The Mana Wāhine inquiry isn’t over yet

Claimants to the Waitangi Tribunal’s Wai 2700 – Mana Wāhine inquir at Terenga Parāoa marae in Whangārei (Photo: supplied, Additional design: Tina Tiller)
Claimants to the Waitangi Tribunal’s Wai 2700 – Mana Wāhine inquir at Terenga Parāoa marae in Whangārei (Photo: supplied, Additional design: Tina Tiller)

Claimants to the Mana Wāhine inquiry tell Liam Rātana how the Waitangi Tribunal can start to address the damage done to Māori women by colonisation.

I descend from a wāhine toa. She was a fearless leader of our people and held great mana in the area I’m from. Growing up, I was told that she never lost a battle and defended her pā with such might that travelling parties would avoid the area completely.

“Māori women went to war, they debated issues, they stood up for what was right,” says political reporter Rukuwai Allen (Ngāpuhi, Tauranga Moana). “They would do anything they could to ensure the sacredness of the next generation was protected.

“The Māori perspective is that there’s no hierarchy that determines that because of someone’s genital parts, they have more mana or more standing in our Māori society,” says Allen of the pre-colonial attitude to gender.
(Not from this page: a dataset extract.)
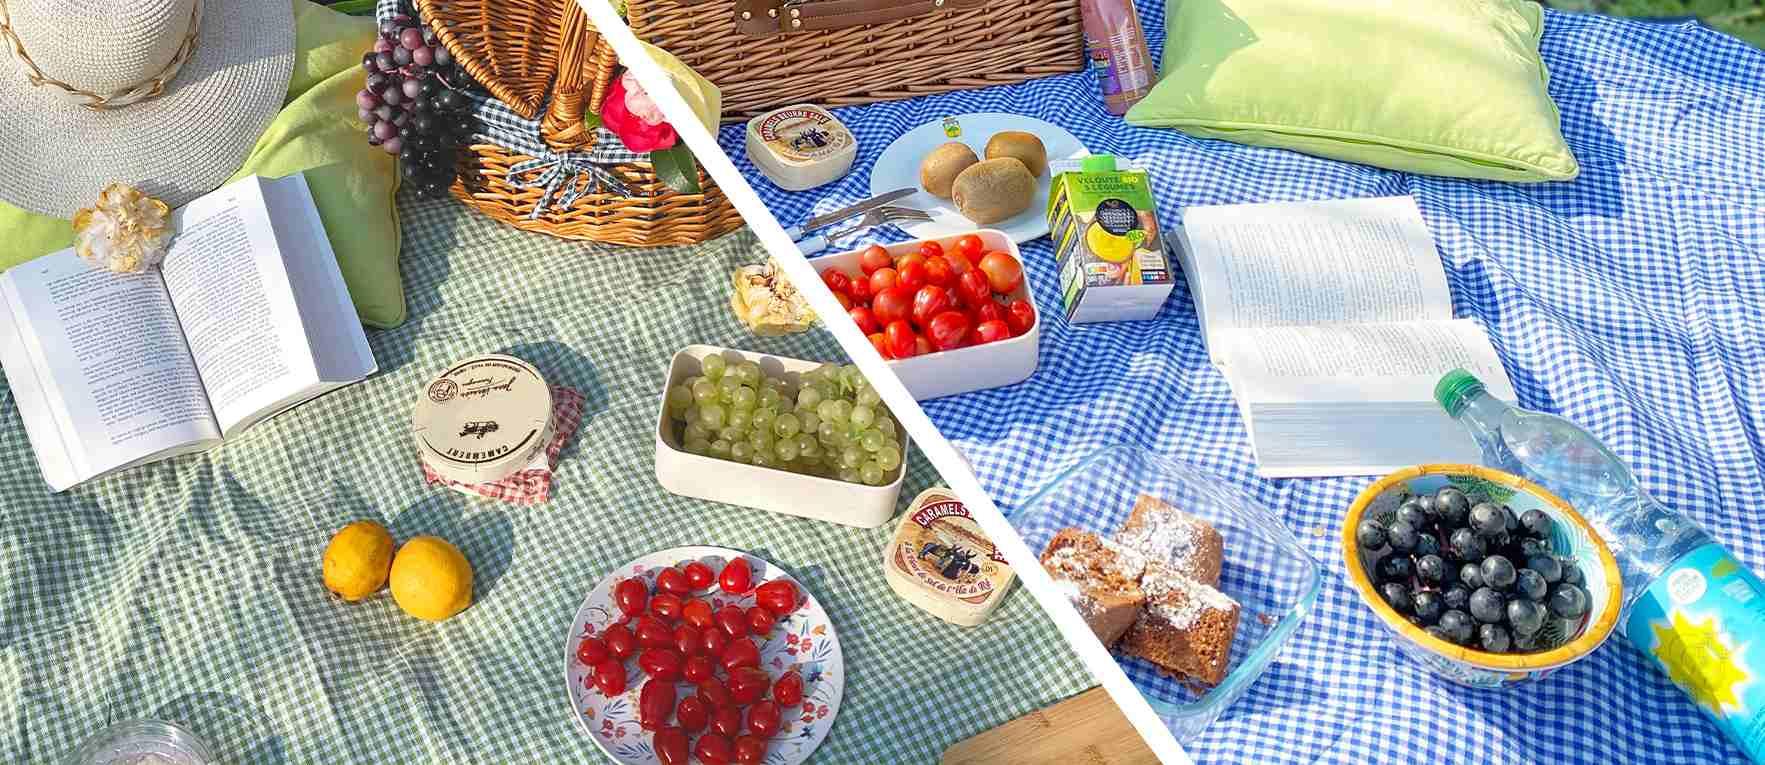 telo da picnic impermeabile blu e verde gingham

Alongside a number of other wāhine, Allen recently gave evidence at Terenga Parāoa marae in Whangārei before the Waitangi Tribunal, as part of the Wai 2700 – Mana Wāhine inquiry. As one of the “kaupapa inquiries” which deal with issues of national significance rather than those of one iwi or hapū, Mana Wāhine currently hearing outstanding claims which allege prejudice to wāhine Māori as a result of breaches of Te Tiriti o Waitangi by the Crown. Two tūāpapa (contextual hearings) were held in February of this year, one this month, and another three will be completed by March 2022. The claims extend across many areas, including policy, practice, acts and omissions, both historical and contemporary.

Allen says colonisation has done “a really good job” of putting a Pākehā lens on the way we view mātauranga Māori and te ao Māori. “That Pākehā lens often puts men higher than women, a lens that puts emphasis on the patriarchy.”

Reporter Rukuwai Allen, Treaty consultant Ripeka Evans, and AUT associate professor Ella Henry (photos supplied)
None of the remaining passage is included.